This research summary has been generated with artificial intelligence and may contain errors and omissions. Refer to the original study to confirm details provided. Submit correction.

The research article outlines a study on betulinic acid (BA), a naturally found compound, and its potential as a topical treatment for equine malignant melanoma (EMM), a common skin cancer in grey horses. The study examines the antiproliferative and cytotoxic effects of BA on equine melanoma cells and how it permeates through equine skin.

Objective of the Research

  • The main goal of this research was to evaluate the efficacy of betulinic acid (BA) as a topical treatment for equine malignant melanoma (EMM). The researchers aimed to determine the effects of BA on equine melanoma cells and fibroblasts, and its potential skin absorption.

Methodology

  • The researchers tested the impact of BA on primary equine melanoma cells and fibroblasts.
  • They measured the effects in a time- and dose-dependent manner.
  • The study also included an in vitro investigation of BA’s skin permeation capacities.

Results

  • The study revealed that BA exhibited both antiproliferative and cytotoxic effects on the melanoma cells and fibroblasts.
  • The effects were recorded as time- and dose-dependent, with the most significant impact seen 96 hours after initial drug exposure.
  • The required skin layers showed a high concentration of the compound throughout the in vitro evaluation.

Conclusions

  • The findings of this research considered BA to be a promising substance for the topical treatment of EMM.
  • However, further research is required to understand its safety and anti-tumor effects in a live situation, necessitating more clinical studies on horses.

Cite This Article

APA
Weber LA, Meißner J, Delarocque J, Kalbitz J, Feige K, Kietzmann M, Michaelis A, Paschke R, Michael J, Pratscher B, Cavalleri JV. (2020). Betulinic acid shows anticancer activity against equine melanoma cells and permeates isolated equine skin in vitro.
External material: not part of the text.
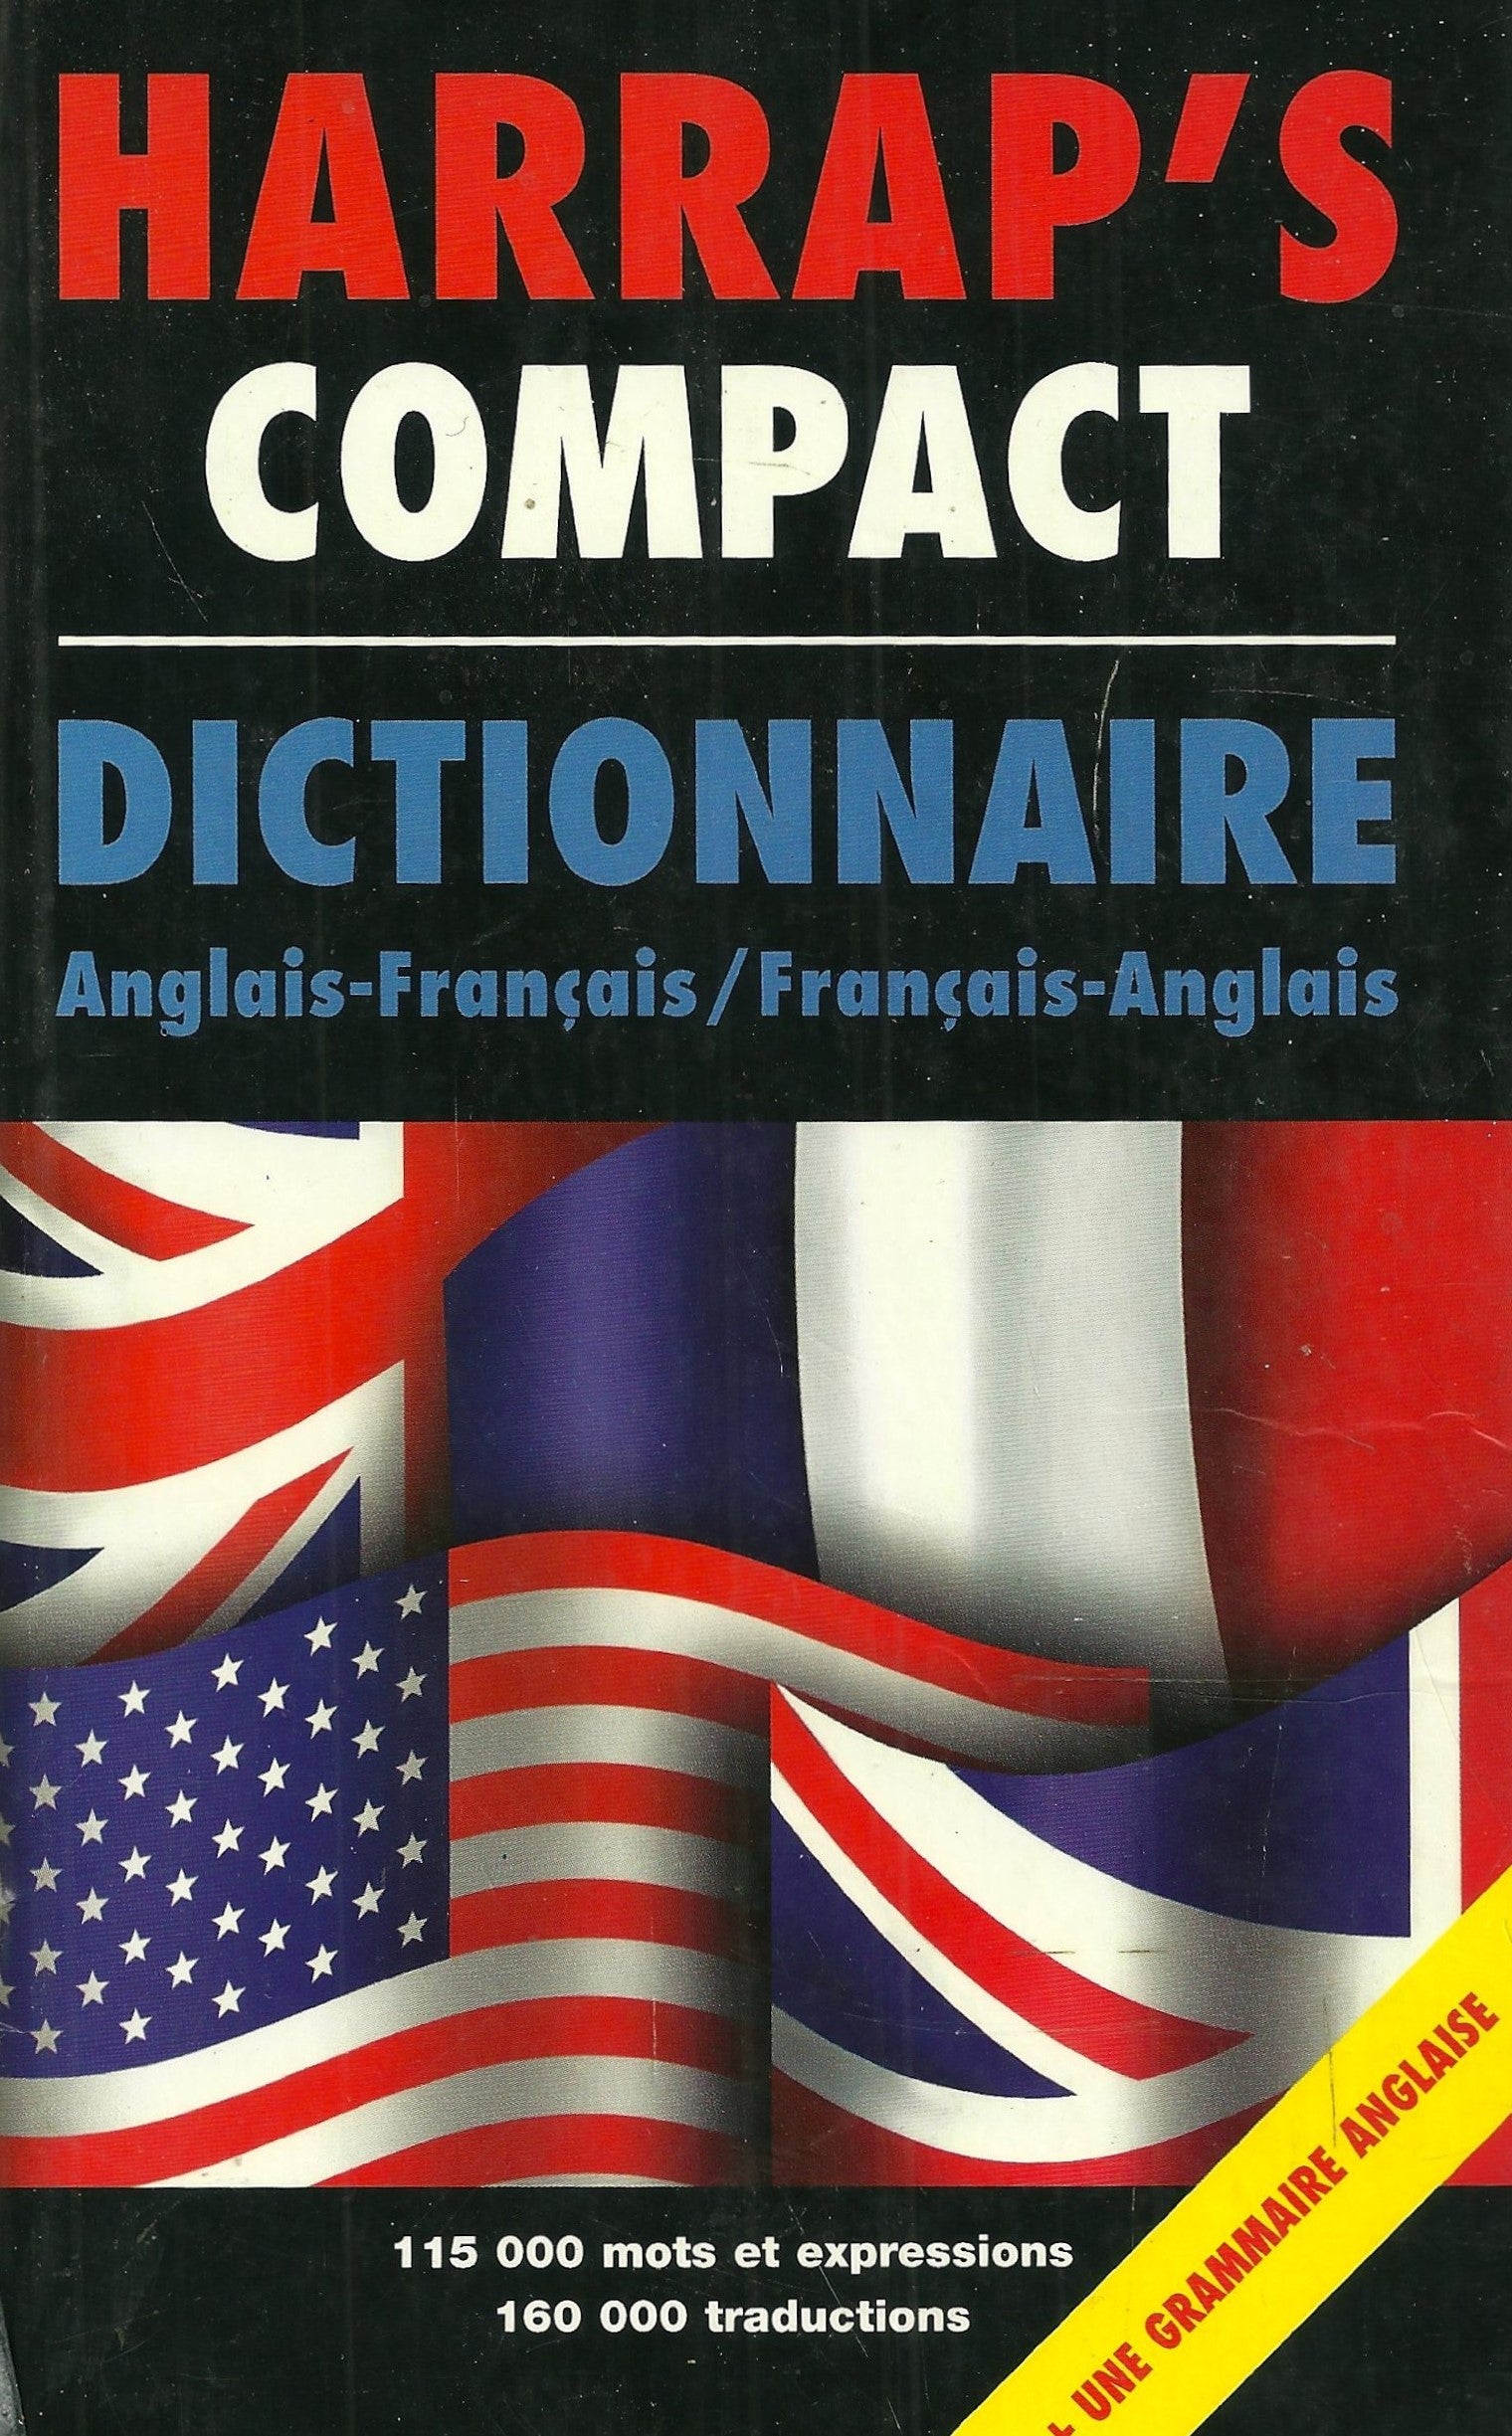 Harrap's Compact Dictionnaire Anglais-Français / Français-Anglais

BMC Vet Res, 16(1), 44. https://doi.org/10.1186/s12917-020-2262-5

Publication

BMC veterinary research
ISSN: 1746-6148
NlmUniqueID: 101249759
Country: England
Language: English
Volume: 16
Issue: 1
Pages: 44
PII: 44

Researcher Affiliations

Weber, Lisa A
  • Clinic for Horses, University of Veterinary Medicine Hannover, Foundation, Bünteweg 9, 30559, Hannover, Germany.
Meißner, Jessica
  • Department of Pharmacology, Toxicology and Pharmacy, University of Veterinary Medicine Hannover, Foundation, Bünteweg 17, 30559, Hanover, Germany. Jessica.Meissner@tiho-hannover.de.
Delarocque, Julien
  • Clinic for Horses, University of Veterinary Medicine Hannover, Foundation, Bünteweg 9, 30559, Hannover, Germany.
Kalbitz, Jutta
  • Biosolutions Halle GmbH, Weinbergweg 22, 06120, Halle (Saale), Germany.
Feige, Karsten
  • Clinic for Horses, University of Veterinary Medicine Hannover, Foundation, Bünteweg 9, 30559, Hannover, Germany.
Kietzmann, Manfred
  • Department of Pharmacology, Toxicology and Pharmacy, University of Veterinary Medicine Hannover, Foundation, Bünteweg 17, 30559, Hanover, Germany.
Michaelis, Anne
  • Biozentrum, Martin Luther University Halle-Wittenberg, Weinbergweg 22, 06120, Halle (Saale), Germany.
Paschke, Reinhard
  • Biozentrum, Martin Luther University Halle-Wittenberg, Weinbergweg 22, 06120, Halle (Saale), Germany.
Michael, Julia
  • Skinomics GmbH, Weinbergweg 23, 06120, Halle (Saale), Germany.
Pratscher, Barbara
  • University Small Animal Clinic, University of Veterinary Medicine Vienna, Veterinärplatz 1, 1210, Vienna, Austria.
  • University Equine Clinic, University of Veterinary Medicine Vienna, Veterinärplatz 1, 1210, Vienna, Austria.
Cavalleri, Jessika-M V
  • University Equine Clinic, University of Veterinary Medicine Vienna, Veterinärplatz 1, 1210, Vienna, Austria.

MeSH Terms

  • Animals
  • Antineoplastic Agents / pharmacokinetics
  • Antineoplastic Agents / pharmacology
  • Cell Line, Tumor
  • Fibroblasts / drug effects
  • Horse Diseases / drug therapy
  • Horses
  • Melanoma / drug therapy
  • Melanoma / veterinary
  • Pentacyclic Triterpenes
  • Skin / drug effects
  • Skin Neoplasms / drug therapy
  • Skin Neoplasms / veterinary
  • Triterpenes / pharmacokinetics
  • Triterpenes / pharmacology
  • Betulinic Acid

Conflict of Interest Statement

Manfred Kietzmann is a member of the editorial board of BMC Veterinary Research.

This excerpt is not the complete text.